TRY IT
Among the records below, find each line containing the word "thumbnail" and copy it.

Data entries
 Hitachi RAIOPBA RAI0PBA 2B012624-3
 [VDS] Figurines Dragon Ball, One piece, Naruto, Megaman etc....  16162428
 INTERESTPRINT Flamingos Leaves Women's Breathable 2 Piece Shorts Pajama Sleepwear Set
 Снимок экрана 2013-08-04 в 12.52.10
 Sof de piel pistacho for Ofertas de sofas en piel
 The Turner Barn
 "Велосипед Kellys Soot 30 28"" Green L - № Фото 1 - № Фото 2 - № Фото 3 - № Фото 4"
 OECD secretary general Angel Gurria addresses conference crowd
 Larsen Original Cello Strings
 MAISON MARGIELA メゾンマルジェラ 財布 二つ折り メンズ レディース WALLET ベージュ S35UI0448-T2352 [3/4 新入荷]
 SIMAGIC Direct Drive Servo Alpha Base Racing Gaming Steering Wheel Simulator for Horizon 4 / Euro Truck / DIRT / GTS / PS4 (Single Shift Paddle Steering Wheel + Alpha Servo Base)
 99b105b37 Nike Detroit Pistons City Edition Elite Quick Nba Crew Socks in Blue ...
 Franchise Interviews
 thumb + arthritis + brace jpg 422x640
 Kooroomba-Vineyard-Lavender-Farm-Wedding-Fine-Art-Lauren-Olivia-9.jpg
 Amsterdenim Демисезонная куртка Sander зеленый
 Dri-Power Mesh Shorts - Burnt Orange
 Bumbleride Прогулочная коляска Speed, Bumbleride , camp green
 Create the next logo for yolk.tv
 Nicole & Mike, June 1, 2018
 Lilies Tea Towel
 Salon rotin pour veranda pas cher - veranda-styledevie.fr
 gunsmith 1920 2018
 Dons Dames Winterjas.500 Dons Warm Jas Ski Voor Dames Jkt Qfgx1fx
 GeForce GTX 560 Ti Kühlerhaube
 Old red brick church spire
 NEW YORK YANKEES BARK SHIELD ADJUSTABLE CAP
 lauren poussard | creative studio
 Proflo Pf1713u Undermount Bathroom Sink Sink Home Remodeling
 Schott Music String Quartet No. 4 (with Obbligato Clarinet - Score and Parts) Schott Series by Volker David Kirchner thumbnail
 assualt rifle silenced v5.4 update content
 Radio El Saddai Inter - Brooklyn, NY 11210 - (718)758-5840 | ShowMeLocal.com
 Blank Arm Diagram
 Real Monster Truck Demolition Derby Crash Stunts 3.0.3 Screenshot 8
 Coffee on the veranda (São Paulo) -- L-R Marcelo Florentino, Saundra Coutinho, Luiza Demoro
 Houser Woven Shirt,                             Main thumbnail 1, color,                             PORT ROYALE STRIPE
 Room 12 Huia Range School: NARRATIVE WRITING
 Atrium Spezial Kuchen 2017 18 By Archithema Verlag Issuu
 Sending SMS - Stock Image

OUTPUT OF THE EXERCISE
 Schott Music String Quartet No. 4 (with Obbligato Clarinet - Score and Parts) Schott Series by Volker David Kirchner thumbnail
 Houser Woven Shirt,                             Main thumbnail 1, color,                             PORT ROYALE STRIPE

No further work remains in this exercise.